If Toyoda is correct, the Japanese auto industry – which was the world’s first to commercially use EVs as far back as in the 1970s – by now should have launched EVs that can compete with Tesla, German and Chinese manufacturers. In reality, the Japanese are trailing woefully behind competition.
Some Japanese automakers, notably Nissan Motor Co. and Mitsubishi Motors Corp., are dead serious about EV development. Yet, they have run into an awfully uncomfortable gridlock that might arbitrarily cool potential consumer enthusiasms for EVs: Taxes.
On Oct. 26, 2022, the Ministry of Finance’s tax commission debated how to tax EVs that currently are classified into the lowest motor vehicle tax class, at 25,000 yen annually regardless of vehicle sizes, or less than half of comparable gas-powered cars.
In the first half of 2020, the total number of EVs sold in Japan was 4,727, or 0.3 percent of 1.669 million cars sold in that year. In the first half of 2022, that number grew to 30,348, or 1.9 percent of total sales during the half-year period, according to the commission’s report.
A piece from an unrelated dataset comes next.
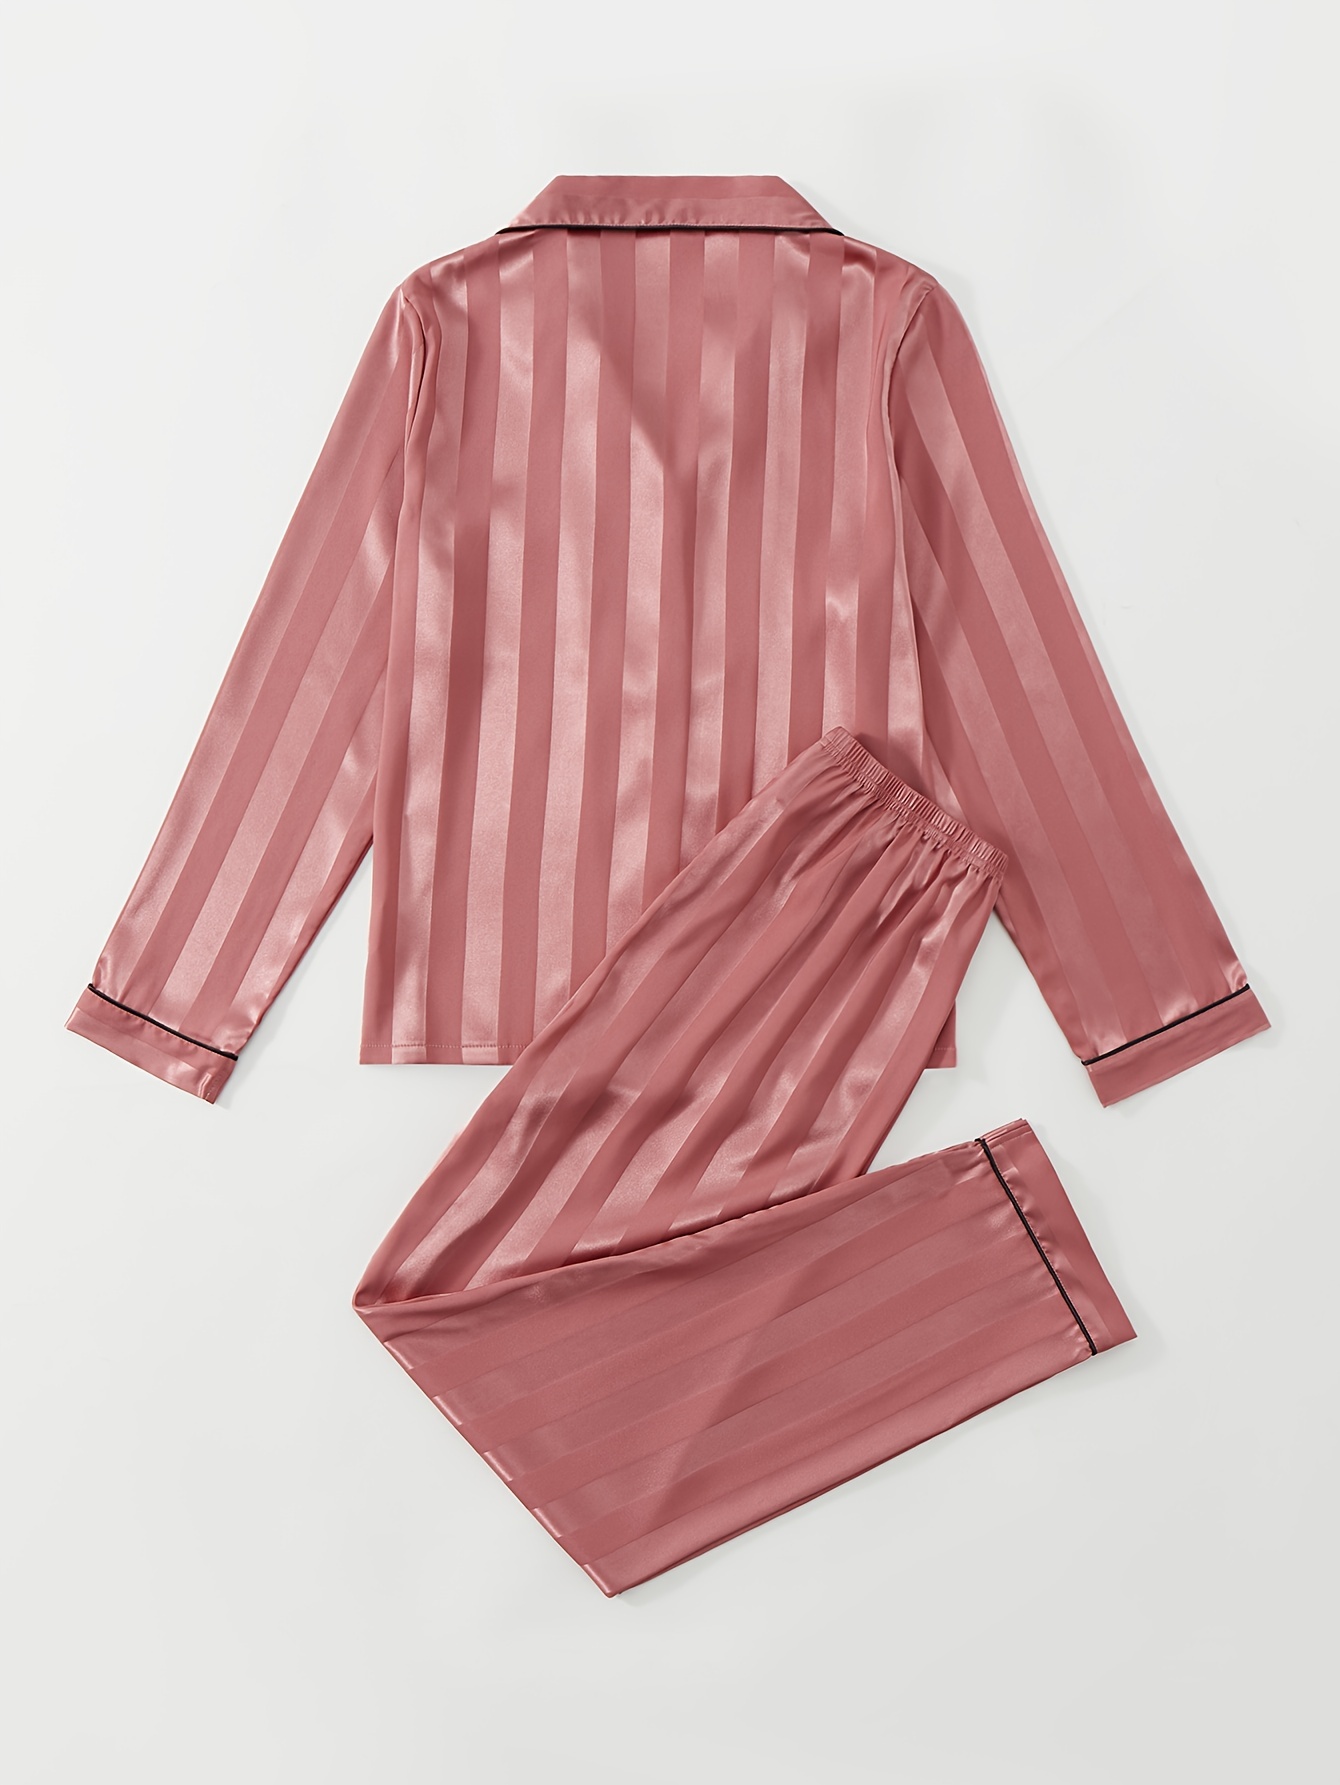 NEW Victoria's Secret SILKY SATIN Lounge Striped Pants Pale Pink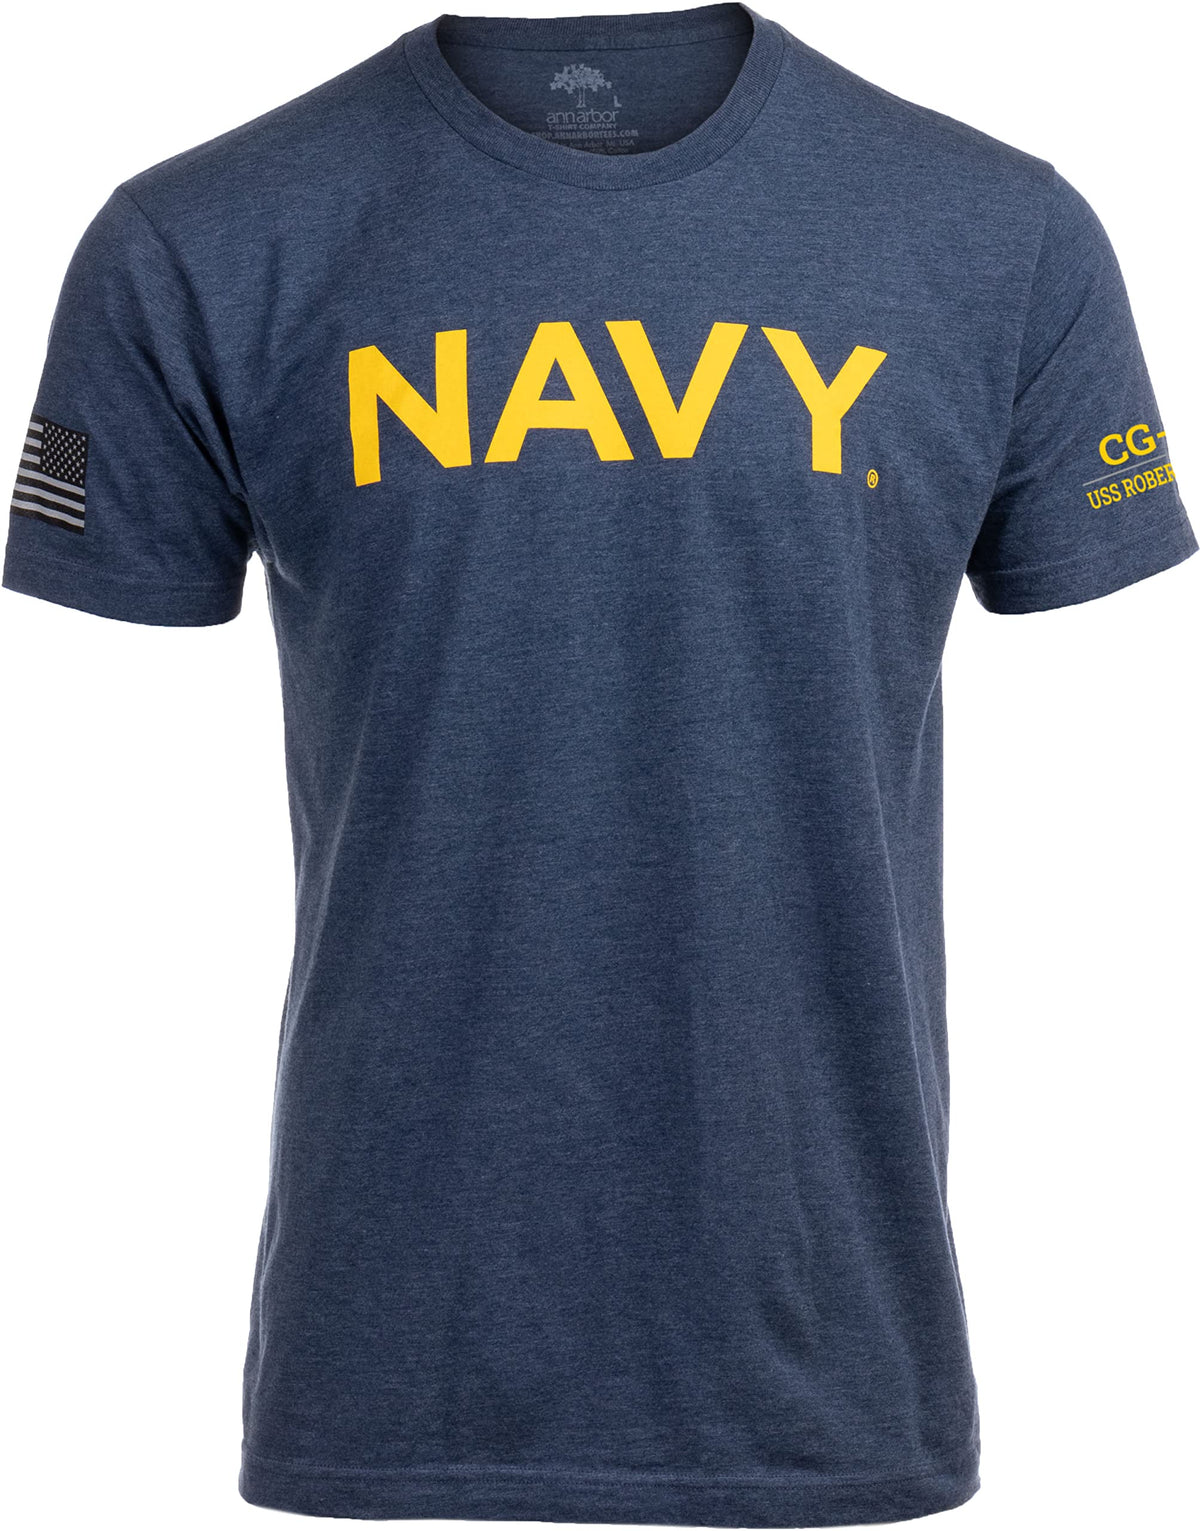 USS Robert Smalls, CG-62 | U.S. Navy Sailor Veteran USN United States Naval T-shirt for Men Women

Commission members told the meeting that if EV sales continue growing, auto-related tax revenue would decrease sharply, threatening financing of road construction and repairs and thus urging them to explore taxing EVs such as collecting taxes according to travel distances cruised.
Japan has set a target to require all new vehicles sold to EVs by 2035. If the government slaps higher taxes to EVs, consumers are likely to slow purchases or hold on to old vehicles or buying gas-powered hybrids and others.